Now President Trump has nominated Neil Gorsuch to membership on the court. He appears to be a reliably conservative jurist, and odds are that he will remain so as a justice of the court.

At his confirmation hearing, we can expect the usual anguished parsing of his written legal opinions, school records, public and private utterances, and exploration of his background and resume. Given the distemper of the times, there undoubtedly will be the usual rancorous psycho drama that attends such proceedings, including the standard semihysterical predictions of societal collapse should he be confirmed.
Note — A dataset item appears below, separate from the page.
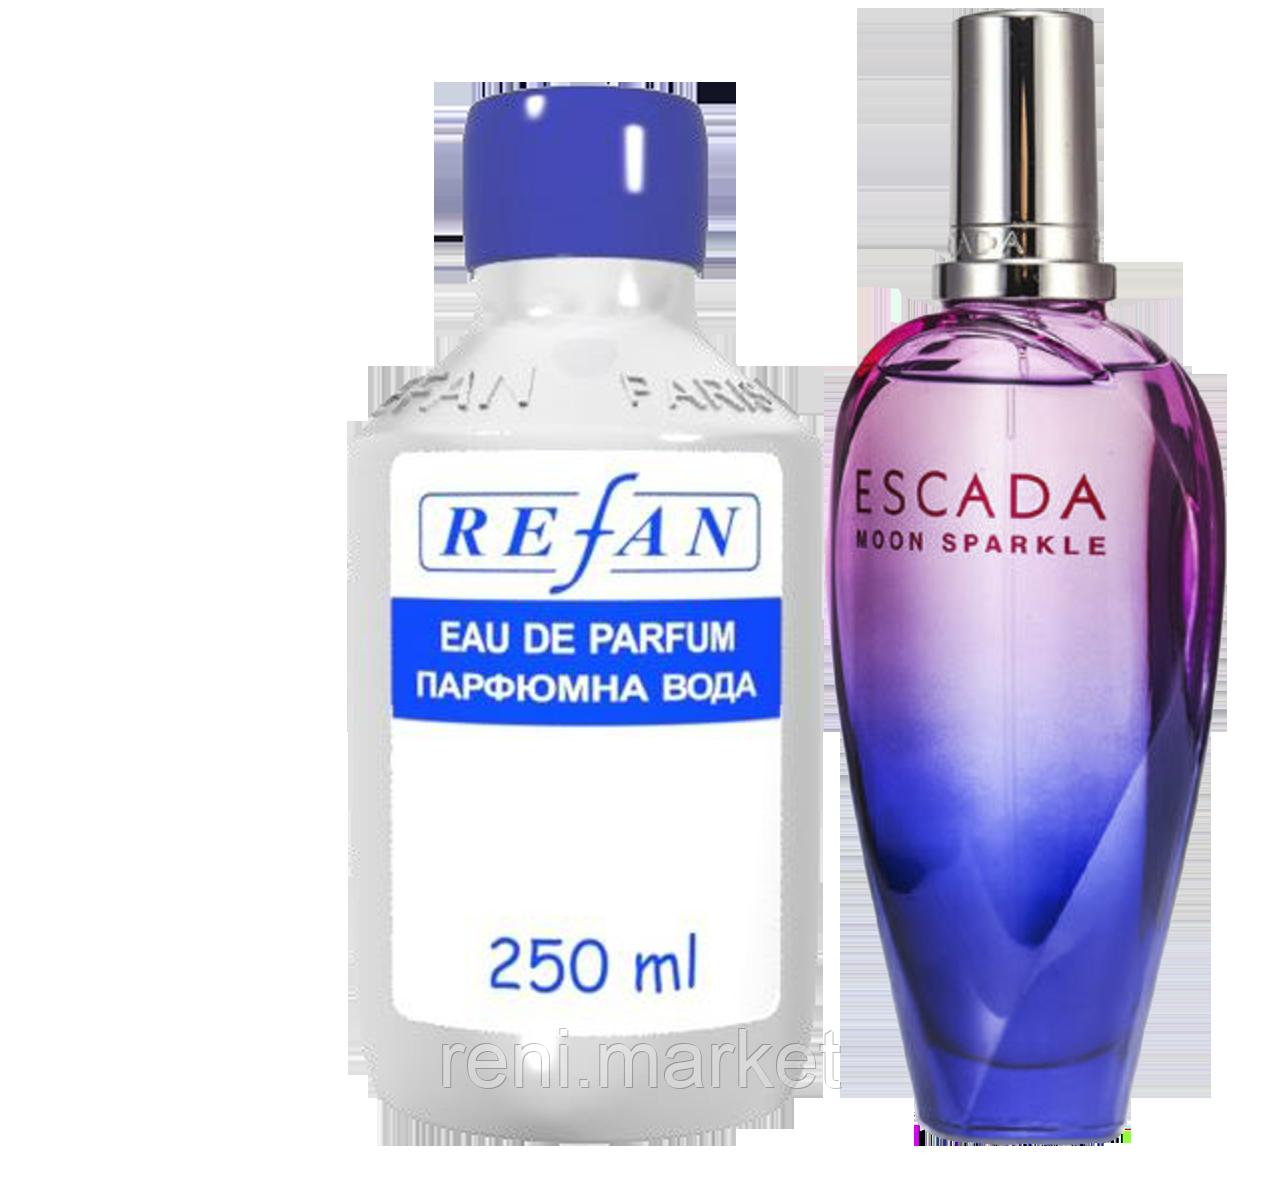 Refan 128 версия аромата Escada Moon Sparkle Escada 250 мл цена 375
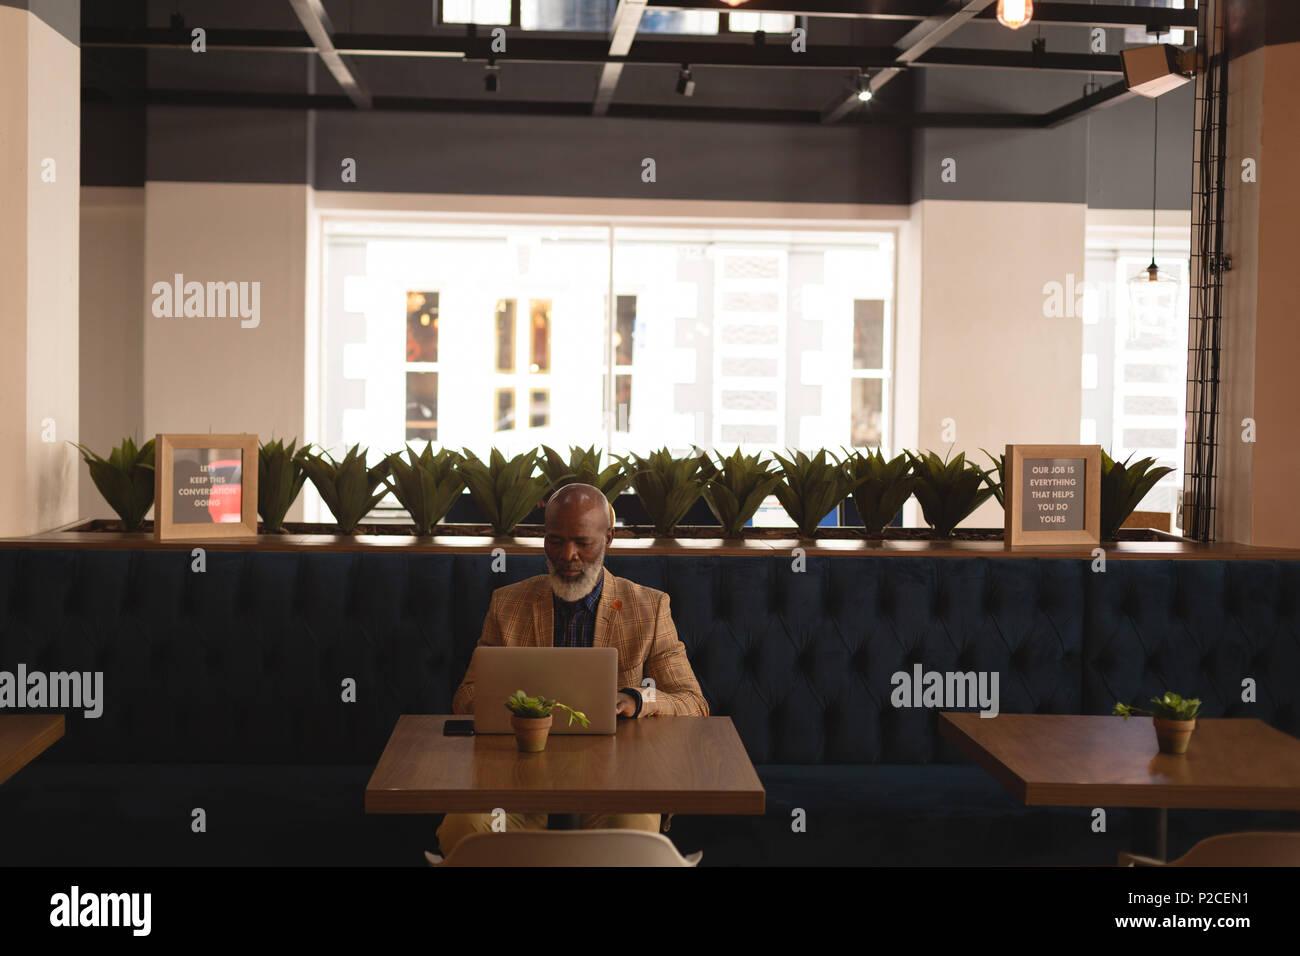 Senior graphic designer using laptop in cafeteria - Stock Image

But all of the senatorial blather both pro and con about the nominee will be nothing more than a theoretical discussion of how he might vote once he is on the court. Interesting, no doubt, but until the nominee is facing an actual case with specific facts and real legal issues presented by able advocates, there is no way to even remotely approximate which way he or any other member of the court will decide any given dispute.

For as Warren and so many others have demonstrated, when it comes to Supreme Court nominees, sometimes what you see isn't what you get. We may think we know how a Justice Gorsuch will rule, but, if Eisenhower, Reagan, Lincoln, both Roosevelts, and any number of other dead presidents were here, they might well beg to differ.